Information supplied:
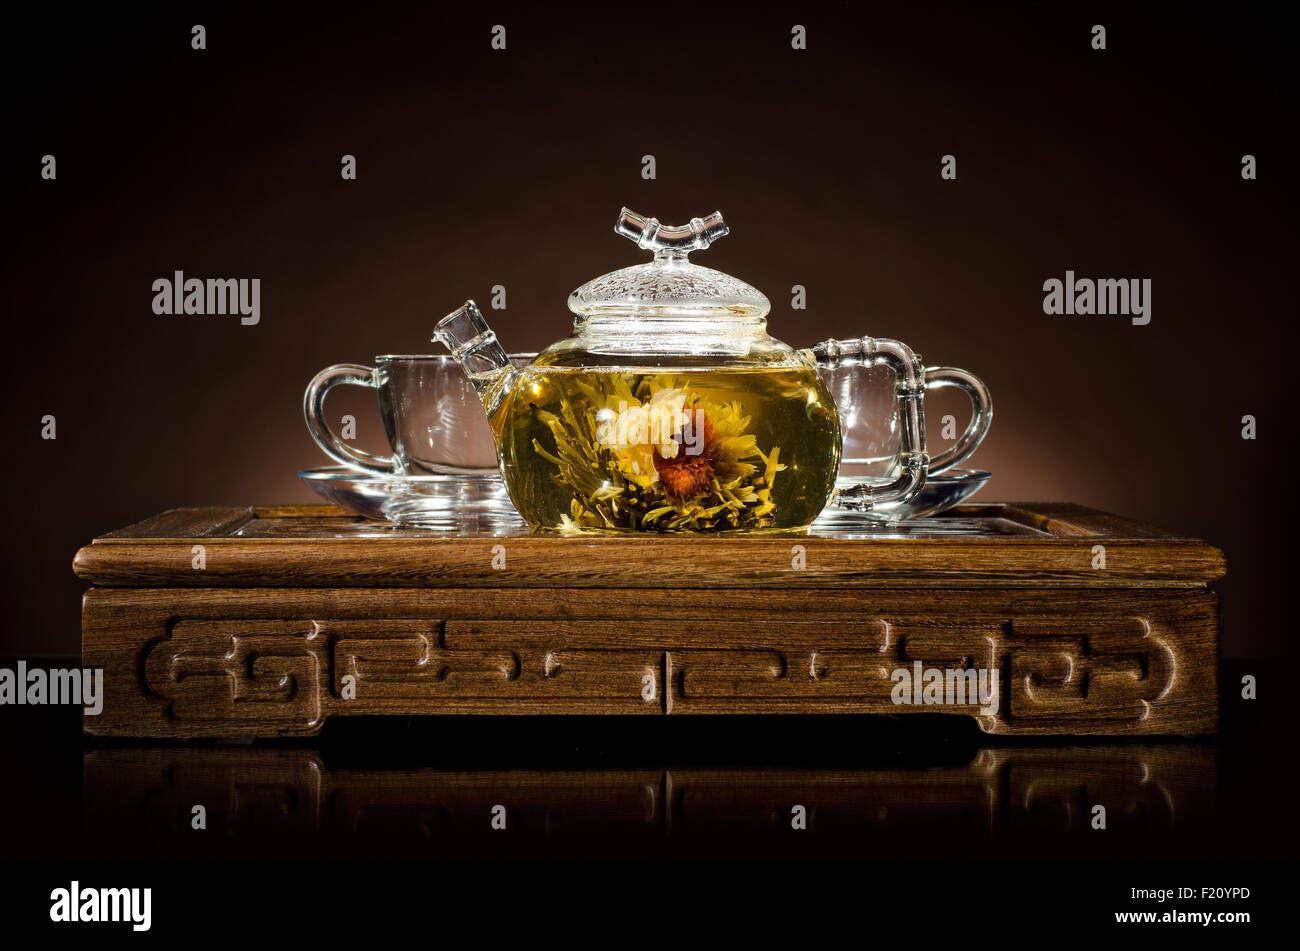 Photo horizontale de la théière en verre avec du thé vert dans la tasse, sur le backgrpund brun, gros plan Banque D'Images
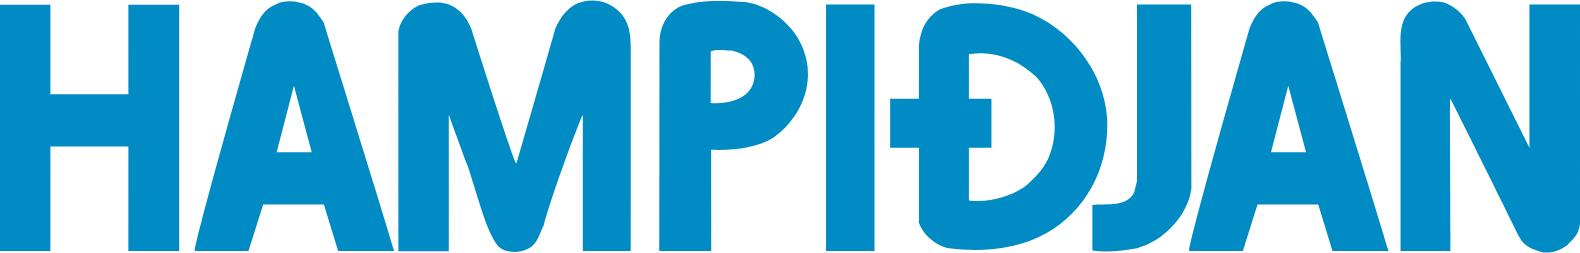 Hampiðjan logo large (transparent PNG)
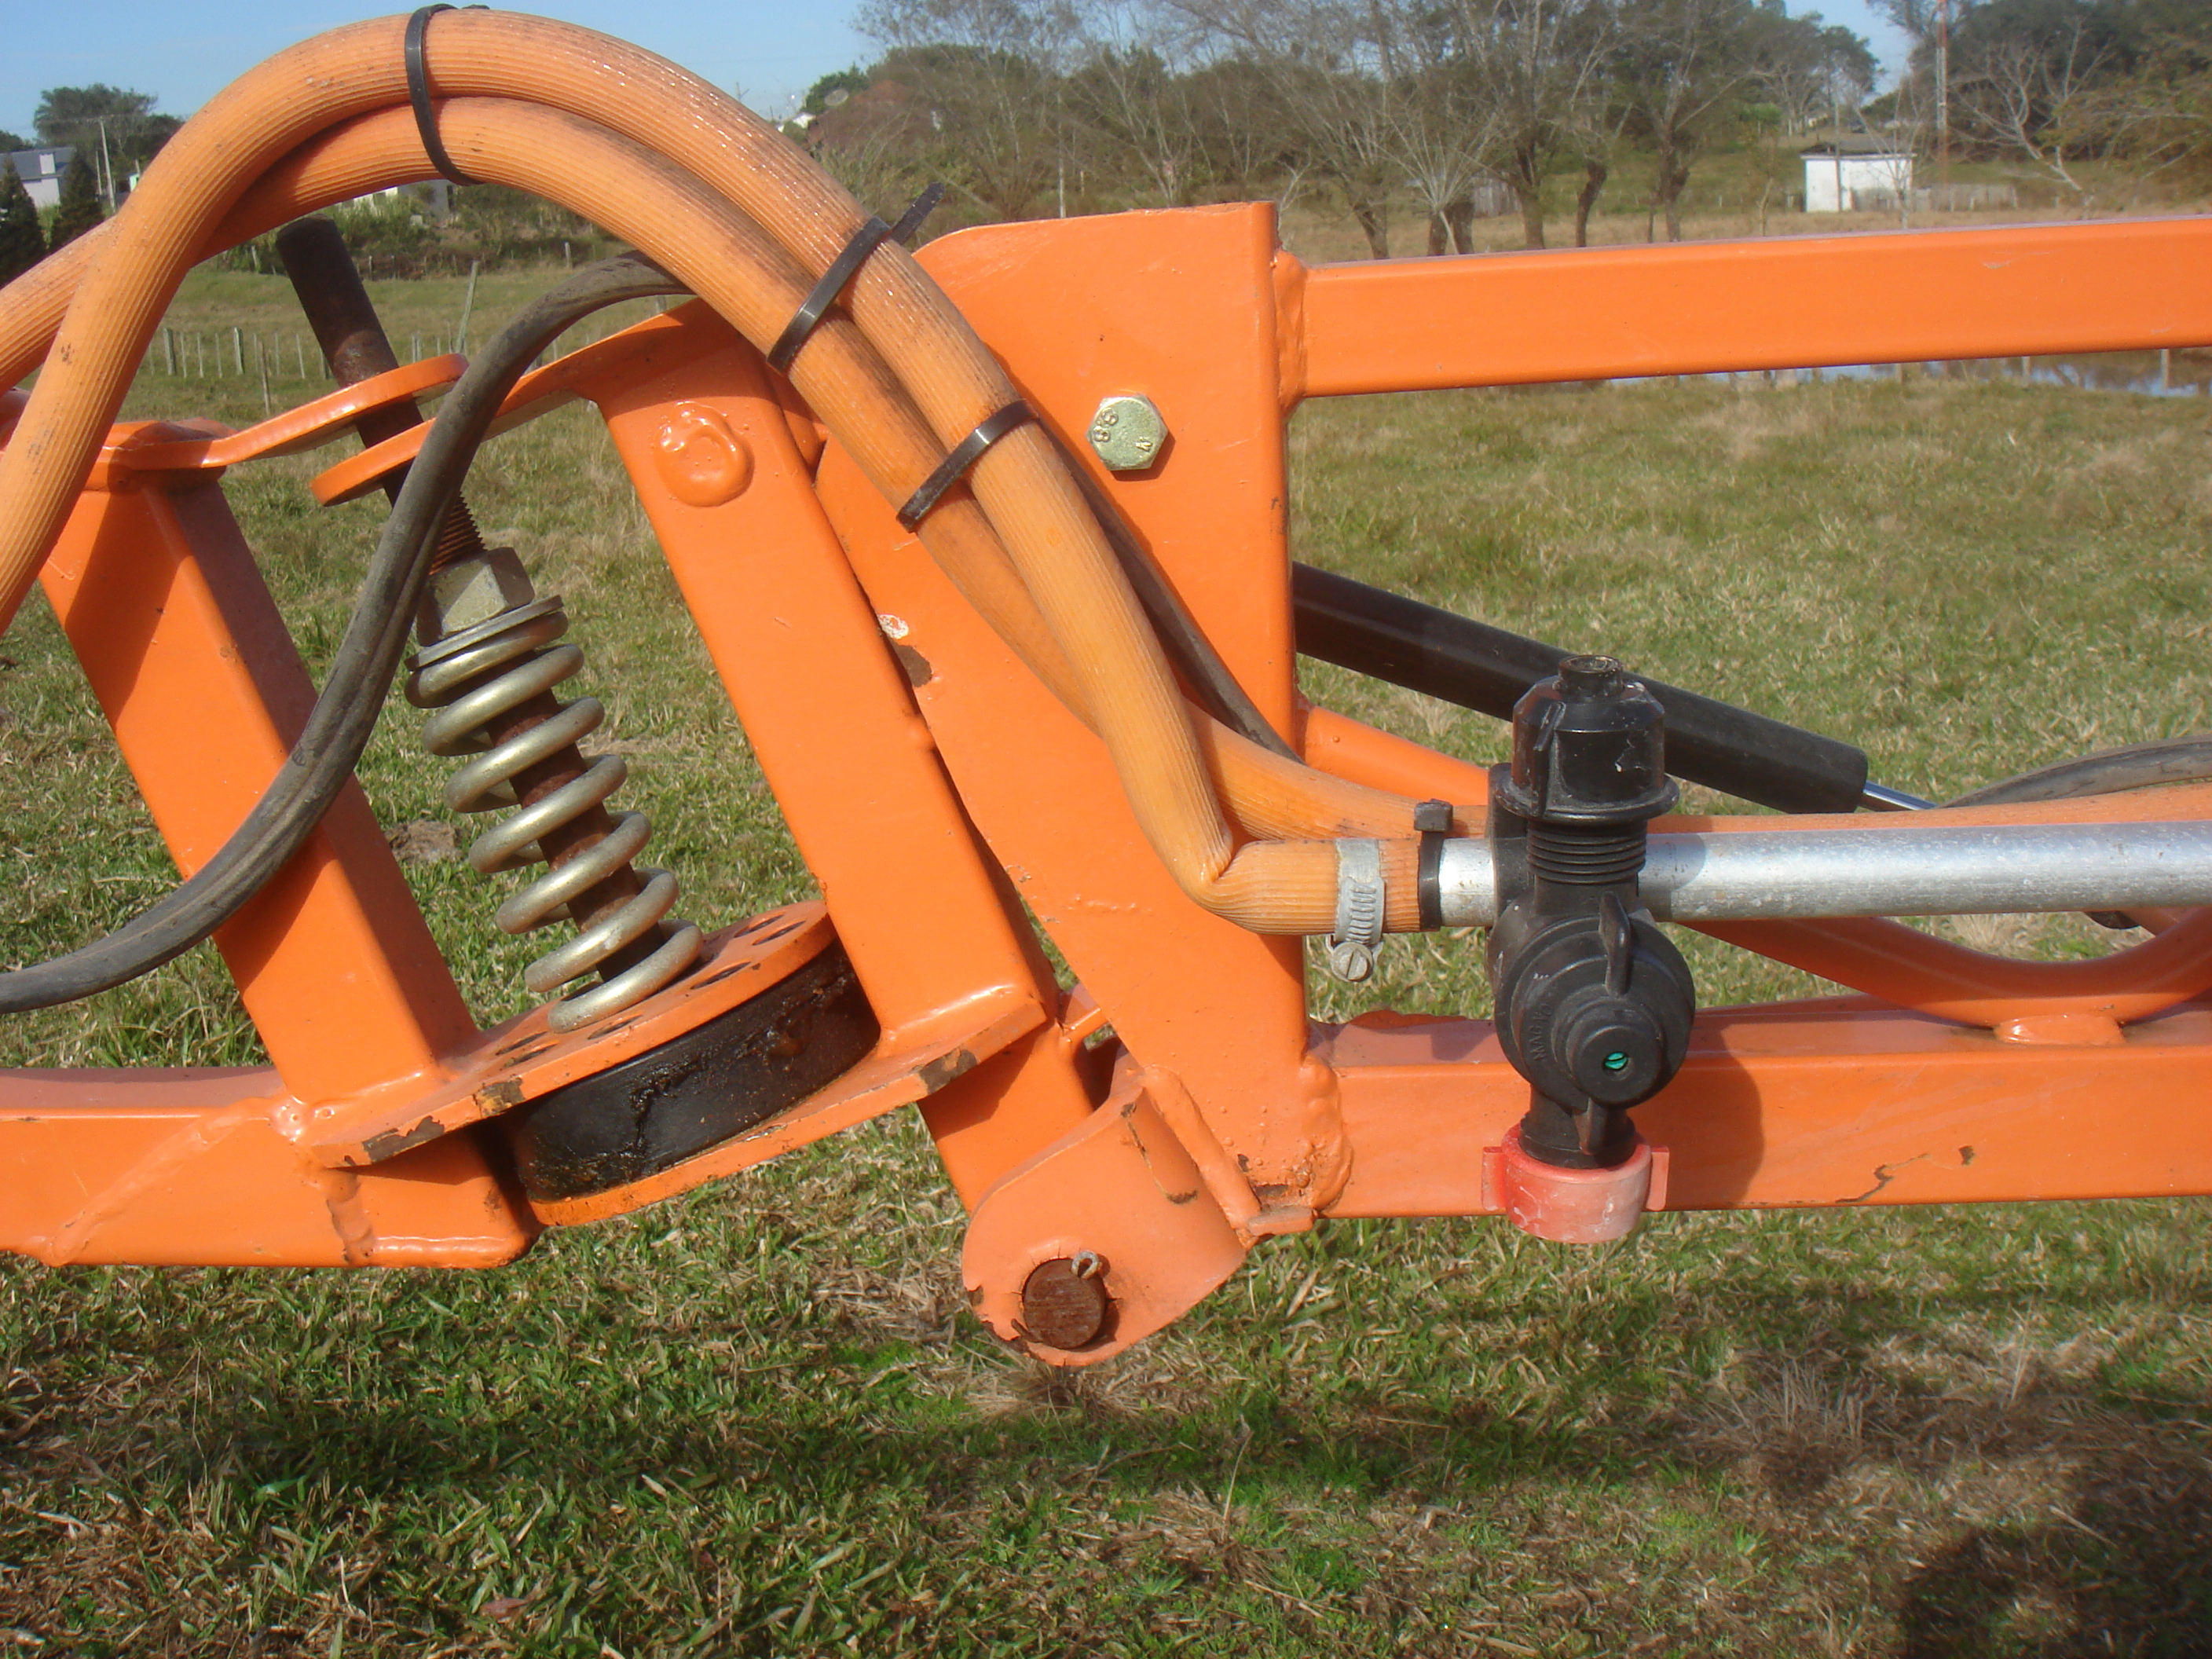 Posicionamento inadequado das mangueiras na barra de pulverização e obstrução do fluxo de calda no sistema hidráulico.

What to do: Copy every line of the data exactly as written, excluding the pictures.

Answer to this exercise:
 Photo horizontale de la théière en verre avec du thé vert dans la tasse, sur le backgrpund brun, gros plan Banque D'Images
 Hampiðjan logo large (transparent PNG)
 Posicionamento inadequado das mangueiras na barra de pulverização e obstrução do fluxo de calda no sistema hidráulico.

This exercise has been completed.